WHAT YOU WILL DO:
Would you return the data below exactly as it stands, with every picture left out?

GIVEN INFORMATION:
BEGIN
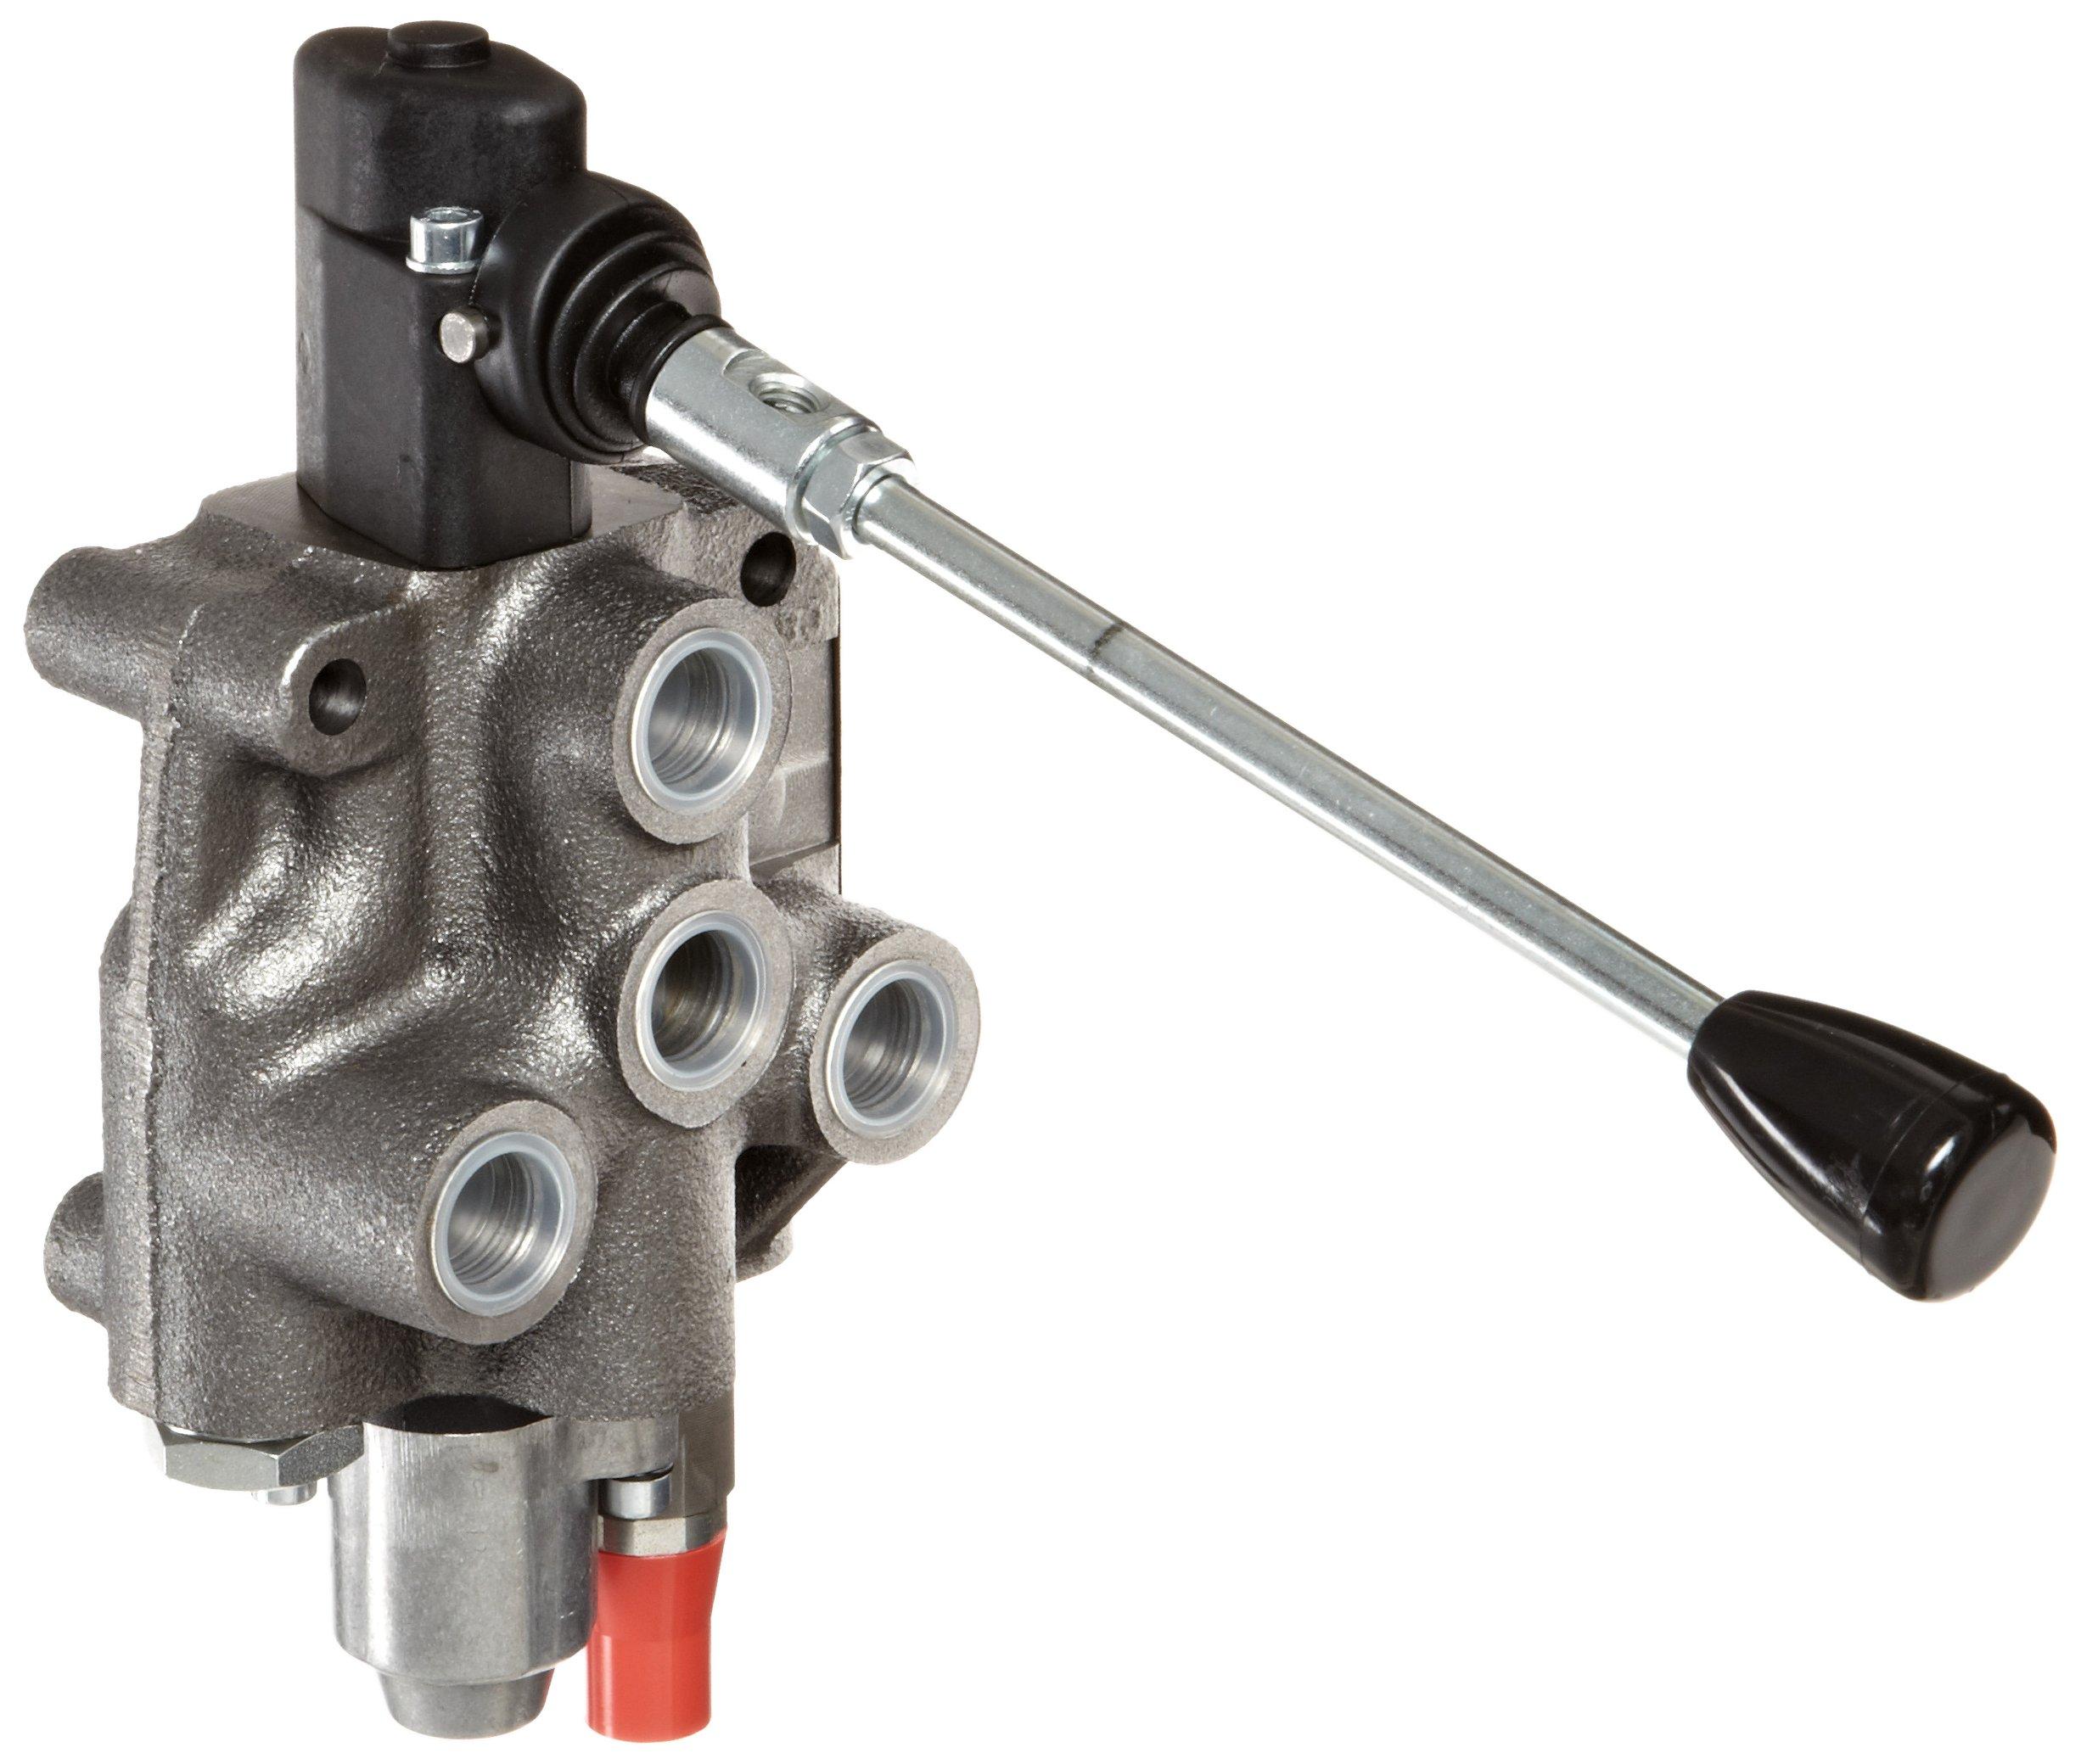 Prince WVS11C5C1 Directional Control Valve, Monoblock, Cast Iron, 1 Spool, 4 Ways, 3 Positions, Motor, 3 Position Detent, Lever Handle, 4000 psi, 14 gpm, 8 SAE
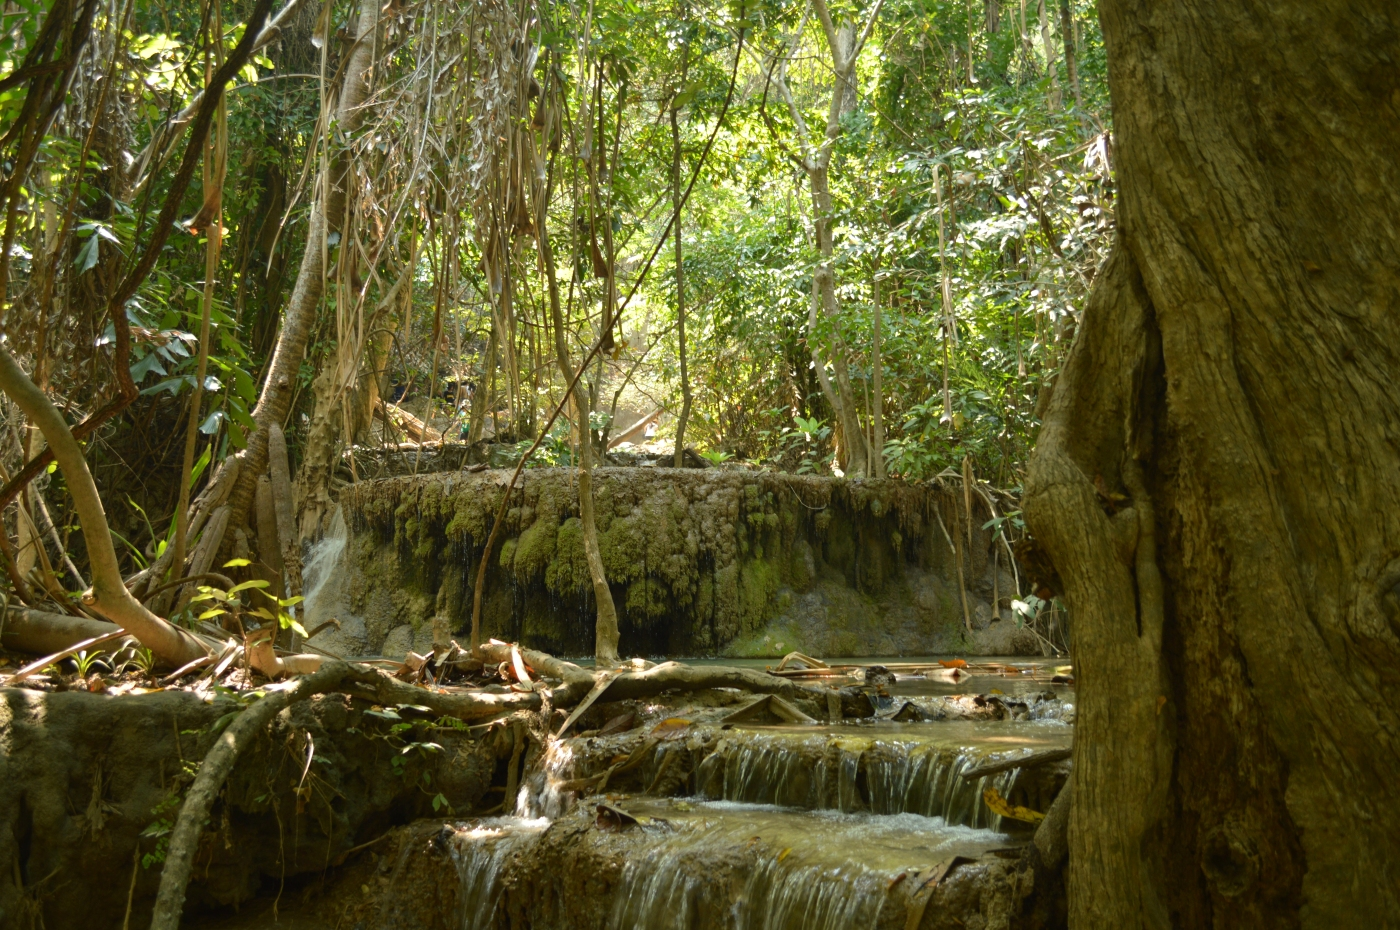 bhutan, nature, afurthershore, blog, altruism, troy-wilkinson, thoughtful, thailand
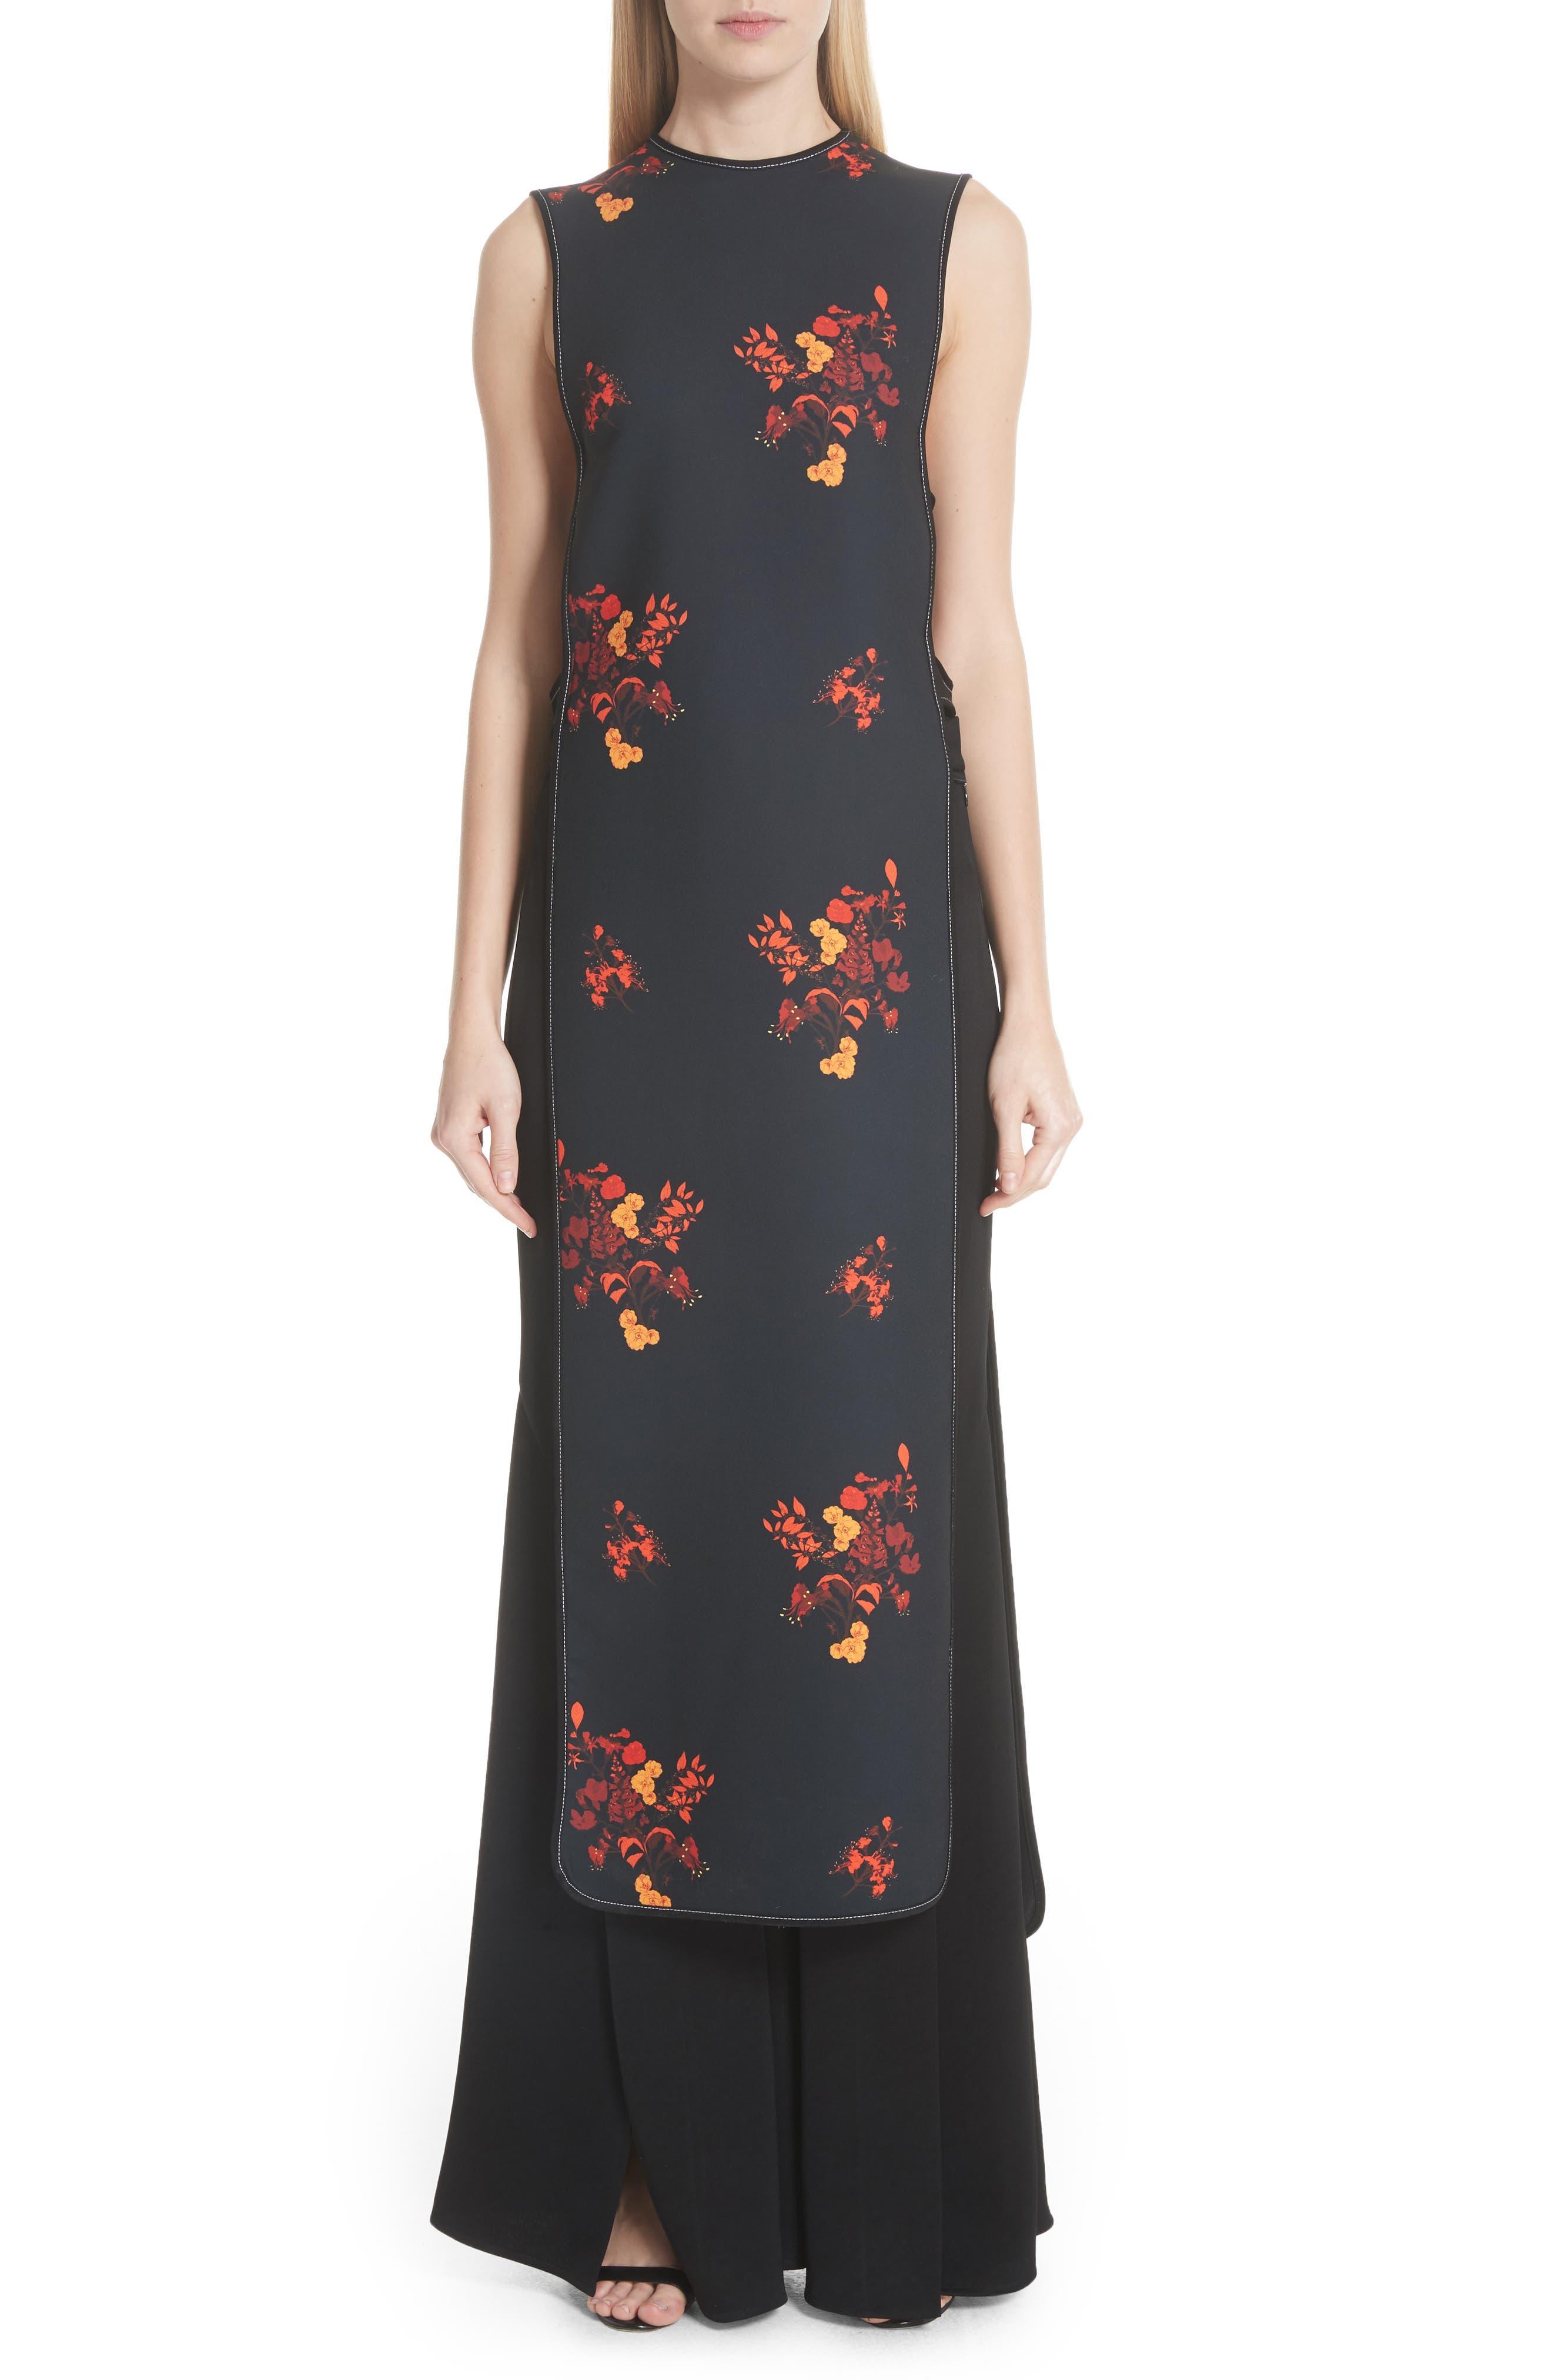 Judy Sleeveless Crepe Tunic Dress,                             Main thumbnail 1, color,                             800
END
ANSWER SECTION:
 Prince WVS11C5C1 Directional Control Valve, Monoblock, Cast Iron, 1 Spool, 4 Ways, 3 Positions, Motor, 3 Position Detent, Lever Handle, 4000 psi, 14 gpm, 8 SAE
 bhutan, nature, afurthershore, blog, altruism, troy-wilkinson, thoughtful, thailand
 Judy Sleeveless Crepe Tunic Dress,                             Main thumbnail 1, color,                             800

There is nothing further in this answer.